Meantime, when we say the top 10% or 1% of Americans’ wealth share has risen, we imagine we’re talking about the same people in Year X as in Year Y. Life doesn’t work that way.
Those in the top groups in 2020 often differ from those who comprised those groups in 1990 or 2000. At the beginning, your income and wealth may be low because you’re a student or just starting out. The picture changes greatly in your peak earning years. So people move in and out among income groups at different stages of life. Students will of course appear very unequal vis-a-vis middle agers. Differences like that are a huge part of “inequality.”So where does all this leave us? “Inequality” is almost surely not growing in the way many scream about. That doesn’t mean all is fine. A dynamic complex economy — and society— like ours will always have inequities of one sort or another, and we must constantly seek to diagnose and combat them.
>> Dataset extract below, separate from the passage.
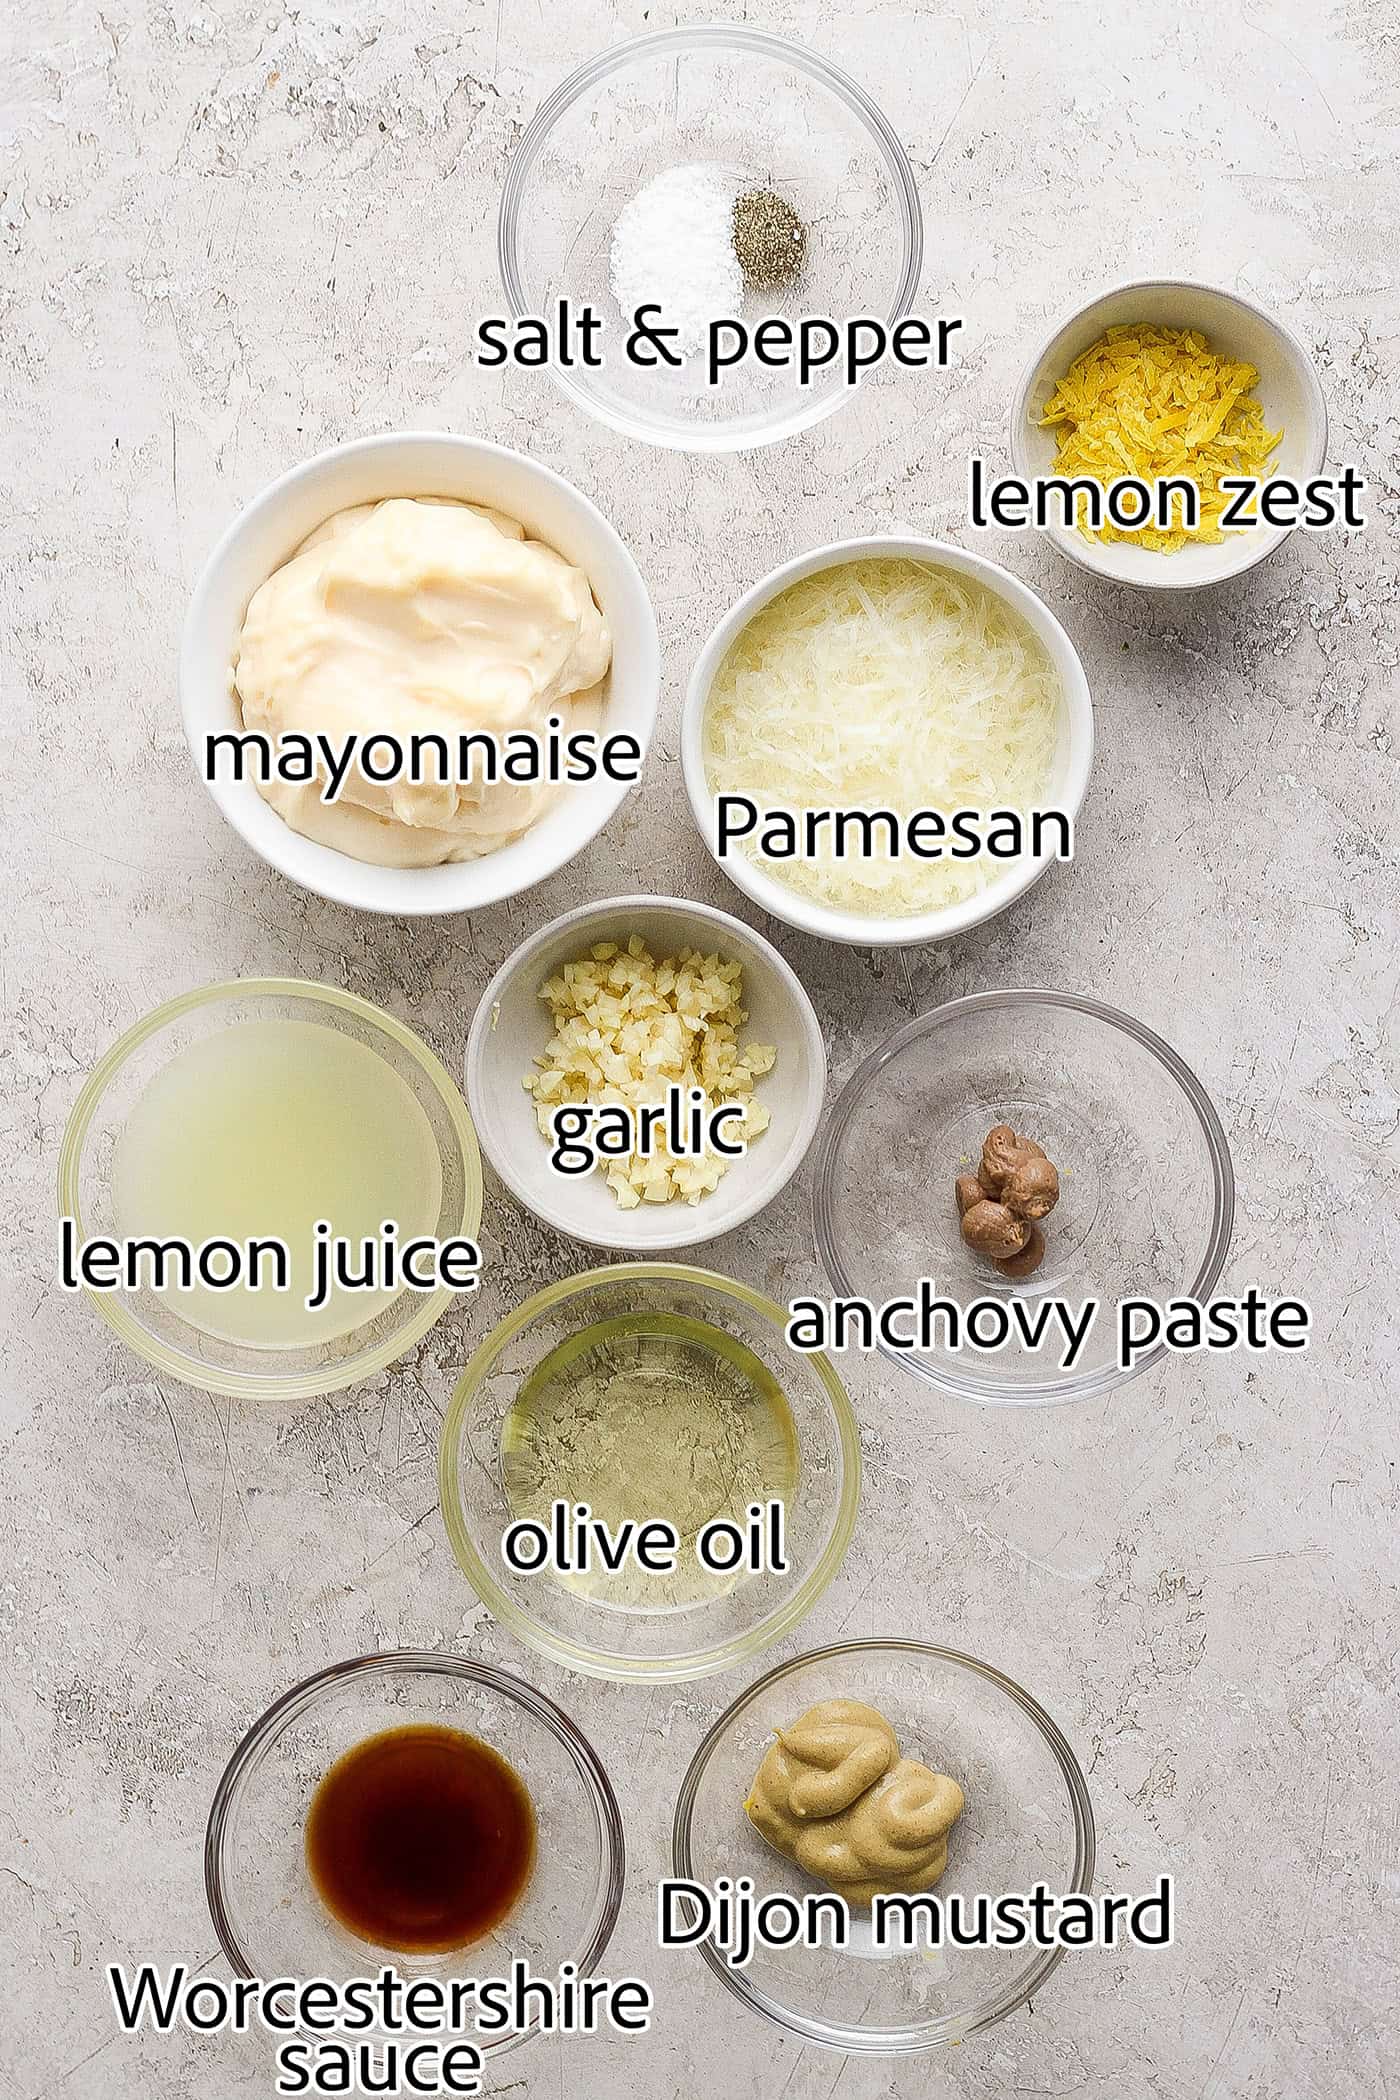 Ingredients for caesar dressing are shown portioned out and labelled: lemon zest and juice, mayonnaise, parmesan cheese, anchovy paste, salt and pepper, Worcestershire sauce, mustard, olive oil.

I’ve mentioned one big example, educational inequity. Another factor is our allowing some businesses to be protected against competition. But we have to be clear on what the problems really are, and what they are not.
One thing that’s not a problem is people being rich. They’re not the cause of others being poor.
Our focus should be not bashing the rich but lifting up the poor, giving more people opportunities to earn enough to live decently. And worldwide, thanks to globalization, capitalism, and free trade, that’s been happening a lot. A real social justice revolution.